Determination of the mechanism and kinetic constants for hog kidney γ-glutamyltransferase

Abstract

The initial-velocity kinetics of hog kidney .gamma.-glutamyltransferase, (EC 2.3.2.2) were studied. Glutamate .gamma.-(4-nitroanilide) and its 3-carboxy derivative, glutamate .gamma.-(3-carboxy-4-nitroanilide), served as .gamma.-glutamyl donors, and glycylglycine as an acceptor. Reaction products were identified by paper chromatography and amino acid analysis. Inhibited Ping Pong mechanisms and a comprehensive initial-velocity expression were developed which account for the observed simultaneous .gamma.-glutamyl transfer and autotransfer, competitive inhibition by glycylglycine, and non-competitive inhibition by the carboxy donor. The validity of the proposed Ping Pong mechanisms are supported by enzyme-velocity data obtained with constant ratios of acceptor to donor concentrations.
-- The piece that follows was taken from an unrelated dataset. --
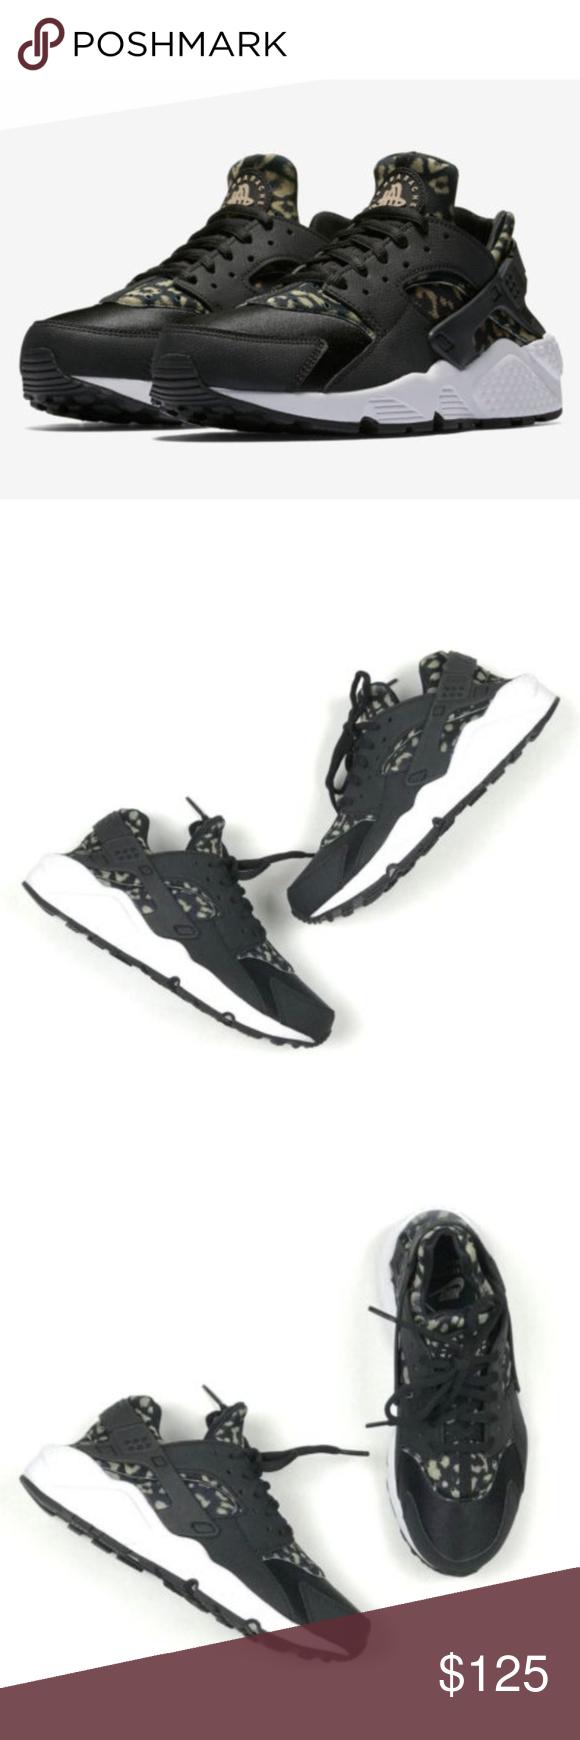 433df76a998 New Nike Air Huarache Leopard Print Sneakers NIB New Nike Air Huarache  women s 6.5 leopard print sneakers shoes. new with box Nike Shoes Sneakers

Kinetic constants were determined by a non-linear regression analysis. With glutamate .gamma.-(4-nitroanilide) as the donor, Km values for the donor, acceptor and donor-acting-as-acceptor are 1.87, 24.9 and 2.08 mM, respectively. With glutamate .gamma.-(3-carboxy-4-nitroanilide) as the donor, these Km values are 1.63, 16.6 and 12.3 mM. Glycylglycine competitive inhibition constants with the parent donor and its carboxy derivative are 275 and 205 mM, respectively; the non-competitive inhibition constant of the carboxy donor is 34 mM.